Кардинал возвысил голос, а делать этого не следовало. Матильда, что-то страстно объяснявшая всем и никому, свела брови и оскалилась. На мужа.

Бонифацию следовало не заметить, а он взял да и направился к жене, которая тут же двинулась навстречу, напоминая разъяренный галеас.

– Сплетник, – прошипела она. – Нашел, чем и перед кем бахвалиться! И когда…

Виконт был человеком утонченным и семейных ссор не выносил. До абордажа оставалось несколько секунд, и Марсель не хуже «ызарга» вклинился меж супругами.

– Ваше высочество, – произнес он, не без риска завладевая пальцами алатки, – мы говорили о женщинах, я это признаю. Было бы странно, обсуждай мы в этот вечер иной предмет. Тем более что сами вы говорите о мужчинах, и весьма нелицеприятно.

– Правду мы о вас говорим, – грохнул из носового «галеас». – Балбесы вы, и чем лучше, тем хуже! Когда нужно хватать и держать, стенку пальцем ковыряете, когда на вас и через порог смотреть тошно, лезете. И всегда хвастаетесь!

– Сударыня, – наследник Валмонов поднес к губам ручку, которая могла управиться с расшалившимся жеребцом, – иногда нам просто не хочется держать и не отпускать дам, которым хочется держаться и не отпускаться. Согласен, налицо некоторое противоречие, но ведь и вы не захотели ездить на линарце, которого нашел Хогберд. Нам же, говоря откровенно, часто приходится иметь дело с дамами, которые, как вы выразились, лезут.

Поверьте, лезущая дама, и тем более девица, ужасна. И чем нежнее чувства, которая она к нам питает, тем трудней не быть съеденным заживо. Женщинам легче, они могут сказать «нет», а если их не поймут, закричать.

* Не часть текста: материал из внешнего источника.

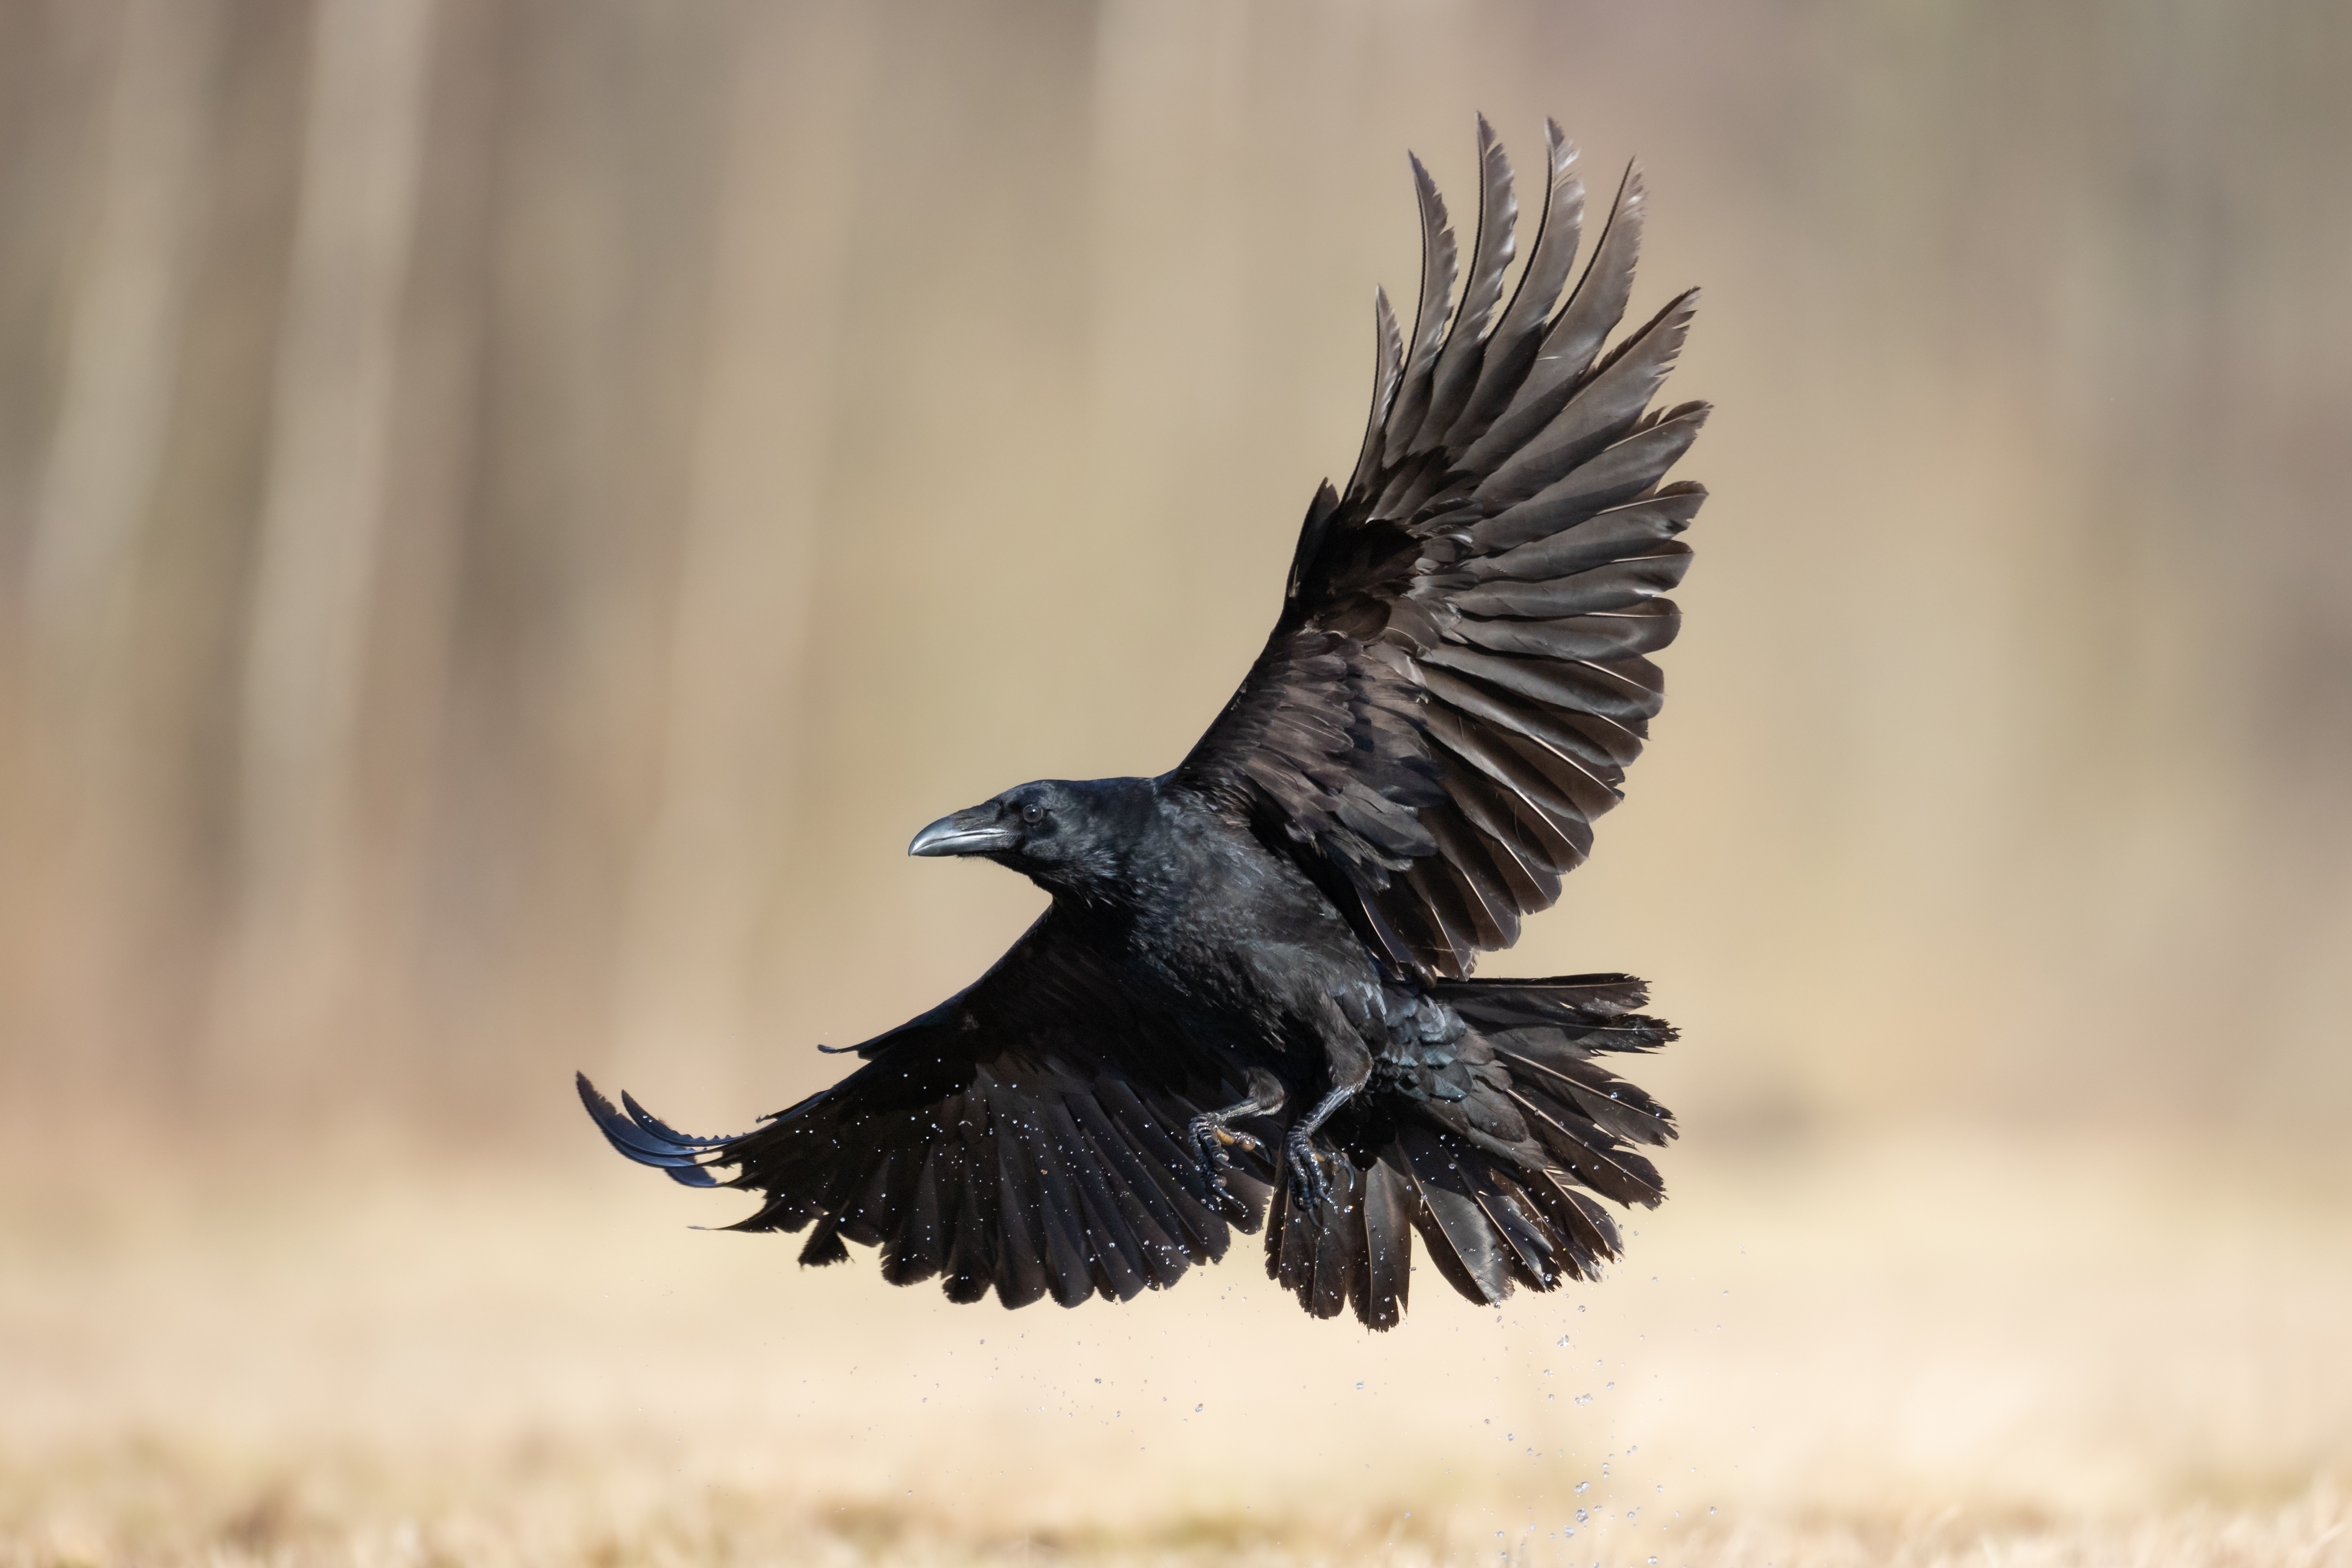 A large raven with wings outspread on a pale blurry background.

– Не всегда. – Этери не поленилась встать и подойти, впрочем, Матильда с Бонифацием сошлись точно за спиной Ворона, который продолжал дразнить ночь струнным звоном. – Наше «нет» что-то значит, лишь когда нас не предают и не продают. И если за нас не прячутся.

– Ну не понимает он, – махнула рукой алатка, – и ладно. Лет через десять поймет…

– Женщин? – деловито уточнил Валме, восхищаясь ловкостью кагетки. Возражала Этери ему и на него же смотрела, но обращалась-то к Рокэ.

– Женщин предавать грех! – поднял палец кардинал. – Женщин. Но ведь встречаются и иные… создания. Побывав в Сагранне, я не унижу сравнением с ними ни козу, ни выдру.

– Я тоже не стану называть кое-кого… козлом, – вскинулась Матильда, – жирно будет!

– Есть еще тергачи, – припомнил Марсель. – То же самое, но громко и без пролития крови.

– Господа, – поднял голову от гитары Алва, – вы друг друга не поймете, пока не определитесь с дамами и созданиями. Итак, вы отмели коз и выдр…

– Может быть, лисица? – предложила Этери.

– Лисица? – повторил Рокэ. – Ум, изящество и хитрость в одной шкурке. Это, вне всякого сомнения, женщина. Более того, это идеал.

3

Мэллит кормила огненного коня; грива и глаза его были пламенем, по золоту тела пробегали багровые сполохи, но гоганни не чувствовала жара, даже когда огнегривый касался ее лица.

Приближалась гроза, однако девушка не боялась, ведь она ждала того, кто повелевает молниями. Ждал и жеребец, они были вместе посреди широкой поляны, за которой золотился бескрайний парк. Клены, буки, каштаны горели на солнце, но головы их упирались в клубящиеся тучи. Золото, бронза и медь врастали в свинец, не так ли сгорала ара, и не грозовые ли твари тянули из нее лапы? Теперь гоганни их бы не испугалась, теперь она знала цену и лживым розам, и несущему правду пламени.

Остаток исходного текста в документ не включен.